Published online by Cambridge University Press: 05 June 2012
Entropy and lossless coding
Compression of a digital signal source is just its representation with fewer information bits than its original representation. We are excluding from compression cases when the source is trivially over-represented, such as an image with gray levels 0 to 255 written with 16 bits each when 8 bits are sufficient. The mathematical foundation of the discipline of signal compression, or what is more formally called source coding, began with the seminal paper of Claude Shannon [1, 2], entitled “A mathematical theory of communication,” that established what is now called Information Theory. This theory sets the ultimate limits on achievable compression performance. Compression is theoretically and practically realizable even when the reconstruction of the source from the compressed representation is identical to the original. We call this kind of compression lossless coding. When the reconstruction is not identical to the source, we call it lossy coding.
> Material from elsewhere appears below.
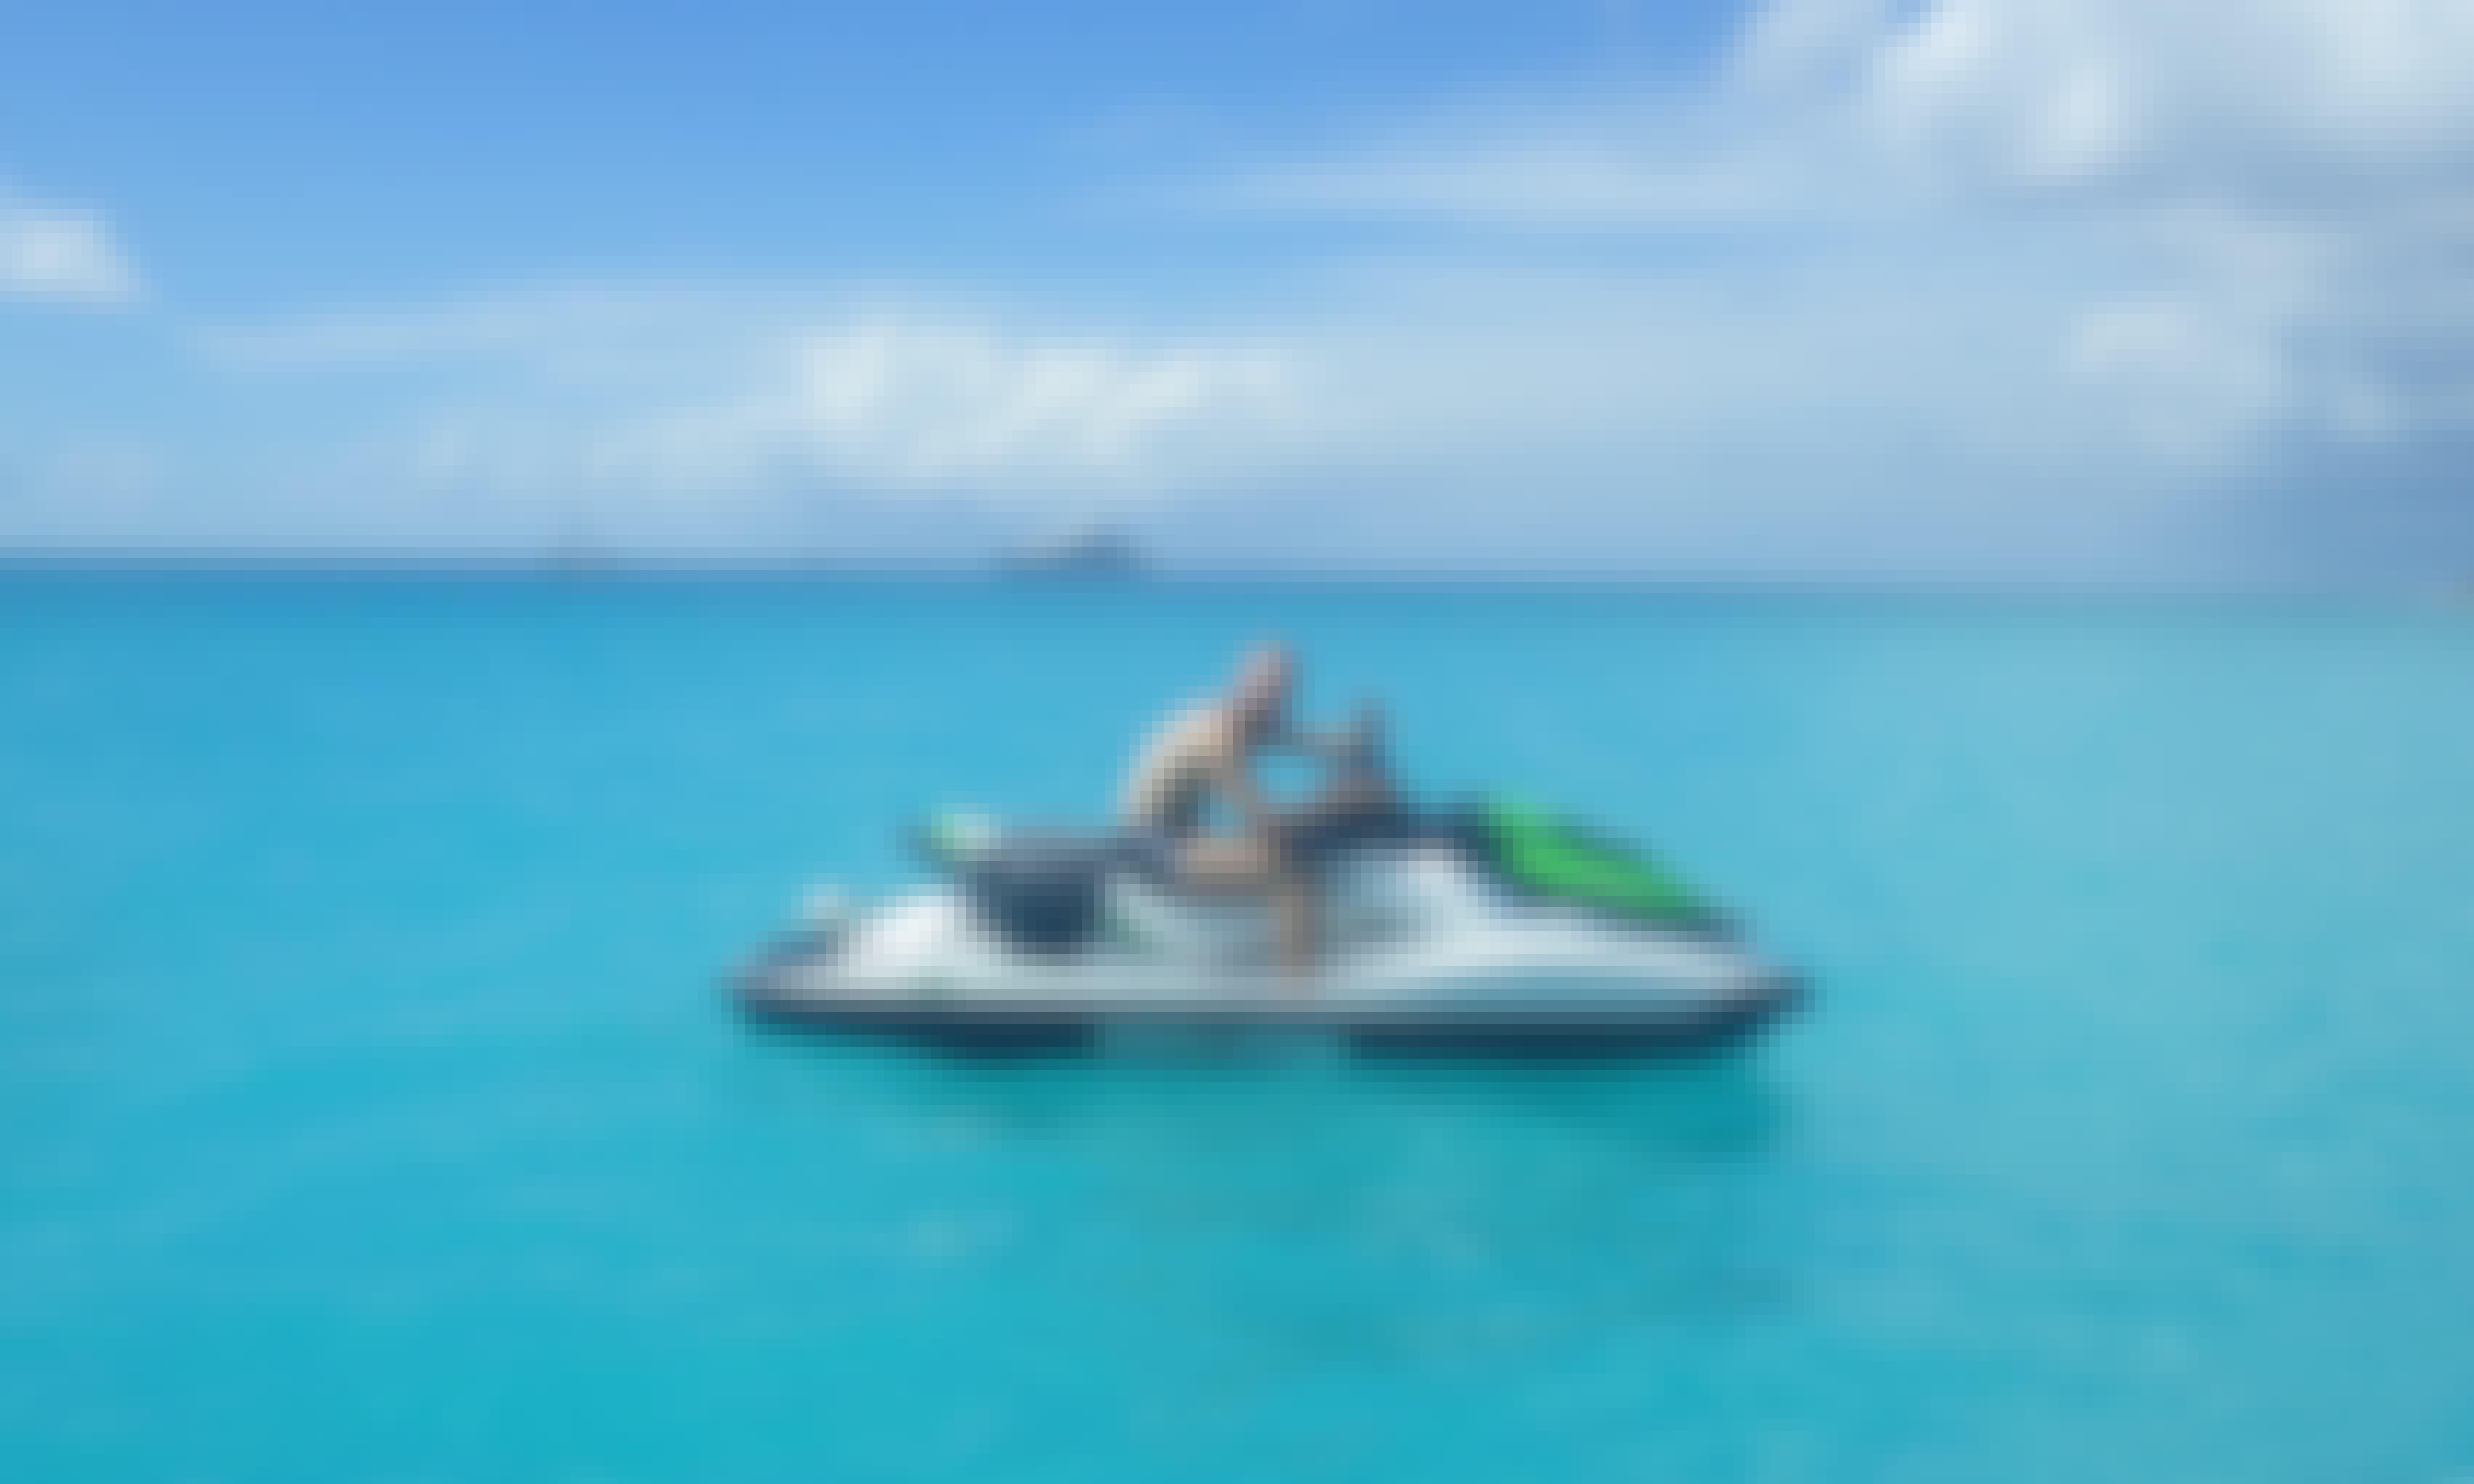 Rent a Jet Ski in Marigot, Saint Martin

Shannon also introduced the discipline of Rate-distortion Theory [1–3], where he derived the fundamental limits in performance of lossy coding and proved that they were achievable. Lossy coding results in loss of information and hence distortion, but this distortion can be made tolerable for the given application and the loss is often necessary and unavoidable in order to satisfy transmission bandwidth and storage constraints. The payoff is that the degree of compression is often far greater than that achievable by lossless coding.